Он бесстрашно стоял в двух шагах, скособочившись от напряжения, и такая ненависть была в его взгляде, что Семченко стало не по себе — повернулся и пошел прочь.
Но ни о чем об этом, разумеется, Майе Антоновне рассказывать не стал.
— Значит, мы договорились, — напомнила она, провожая его к выходу. — Встреча состоится завтра, в шесть часов. Здесь, в школе. Жаль только, что Кадыр Искандерович на курорте. Вы его помните?
Семченко с трудом вспомнил, что был такой Минибаев, лишь когда получил письмо от Майи Антоновны, но покивал уважительно: мол, как же не помнить?
— Кадыр Искандерович много рассказывал нам о клубе, о вас. — Она все время цитировала в разговоре собственное письмо. — Так жаль, что его не будет на встрече.
— А про певицу Казарозу он вам не рассказывал?
— Странная фамилия. Она тоже была эсперантисткой?
— Да нет, не была.
— Вы ведь в «Спутнике» остановились? — уже на крыльце спросила Майя Антоновна. — Какой у вас номер? Может быть, забегу вечером. Не возражаете?
— Триста четвертый, — сказал Семченко. — Милости прошу.
Спустился с крыльца, помедлил, подставляя лицо весеннему солнышку, потом сел на скамейку. Рядом, свесив голову, дремал маленький благообразный старичок, час назад заходивший в учительскую, — рот полуоткрыт, легкий белый пушок на темени шевелится от едва ощутимого ветерка, и Семченко с удовольствием подумал, что сам он никогда, ни при каких обстоятельствах не позволил бы себе заснуть вот так, прямо на улице, под мимолетно-сочувственными взглядами прохожих.

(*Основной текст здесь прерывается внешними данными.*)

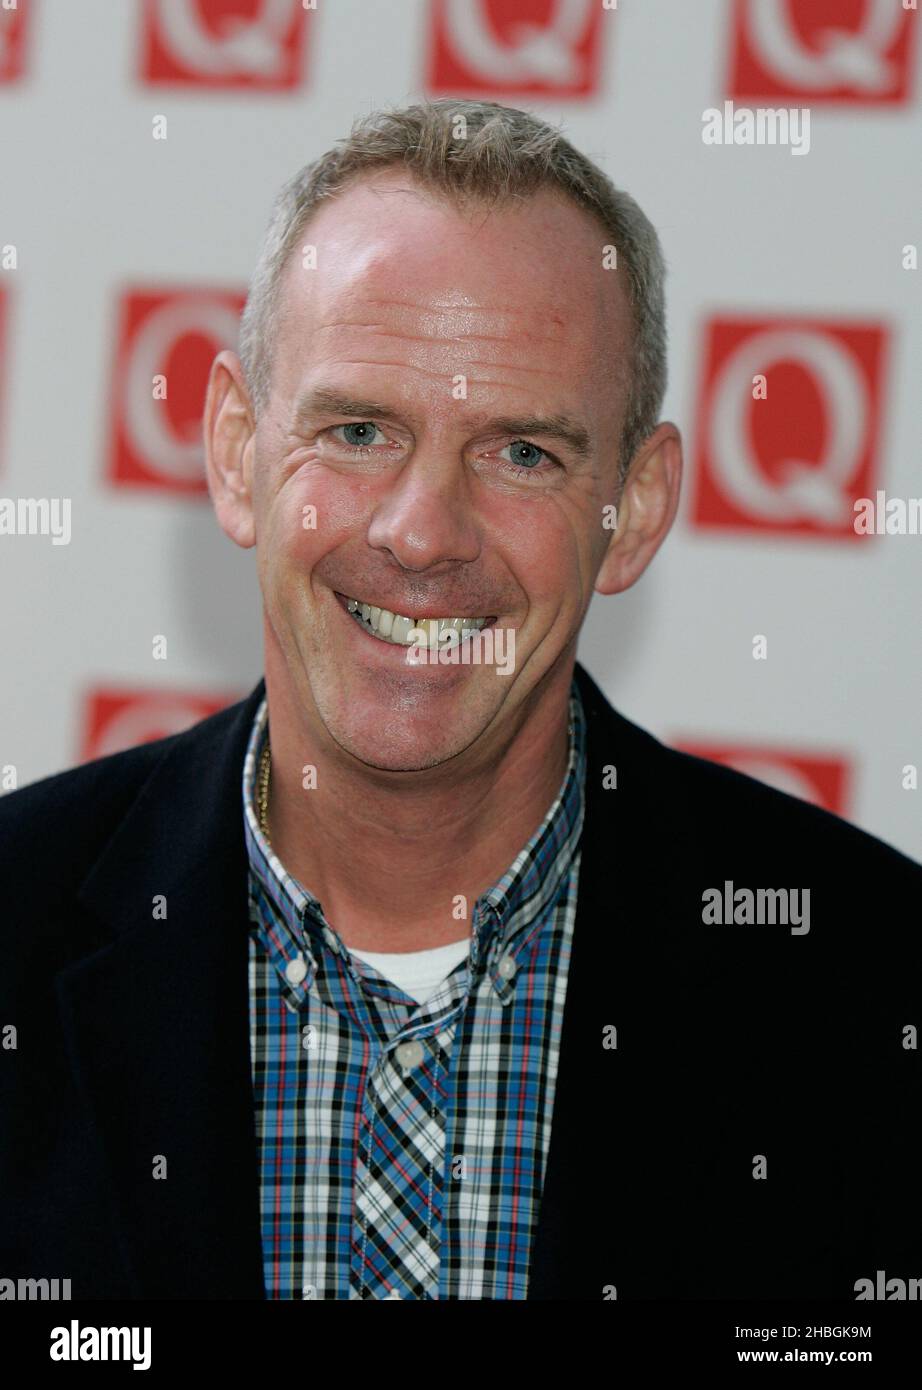 Norman Cook aka Fatboy Slim arriving at the Q Awards held at the Grosvenor House Hotel, London. Stock Photo

Он достал и раскрыл бумажник, набитый не визитными карточками, как бывало когда-то, а старыми, давно использованными аптечными рецептами, которые из суеверия не решался выбрасывать. Нащупал в большом отделении плотную старинную фотографию на картоне с обтрепавшимися углами, осторожно вынул ее. Это был снимок с картины известного в предреволюционные годы художника Яковлева: ростовой портрет Зинаиды Казарозы; нарисовано в обычной для тех лет манере, одновременно галантной и фантасмагорической, какую Семченко привык считать декадентщиной. В центре полотна, окруженная не понятно откуда взявшимися дикими зверями, стояла крохотная изящная женщина с птичьей клеткой в руке. Звери были всякие, существующие в природе и придуманные Яковлевым, но все со свирепыми мордами, оскаленные, вздыбленные — и медведь, и присевший для прыжка тигр, и какой-то чудовищный мохнатый уродец с прямым и длинным рогом на поросячьем носу; даже мирный слон, и тот изготовился к нападению, воинственно взвив хобот и наставив клыки. Узкую, с круглым верхом клетку женщина держала за кольцо, чуть отведя в сторону, в клетке сидела райская птица, и взгляд у них обеих, у женщины и у птицы, был растерянный, недоумевающий, словно уже чувствуют близкую гибель, но не понимают, почему должны умереть именно здесь и сейчас.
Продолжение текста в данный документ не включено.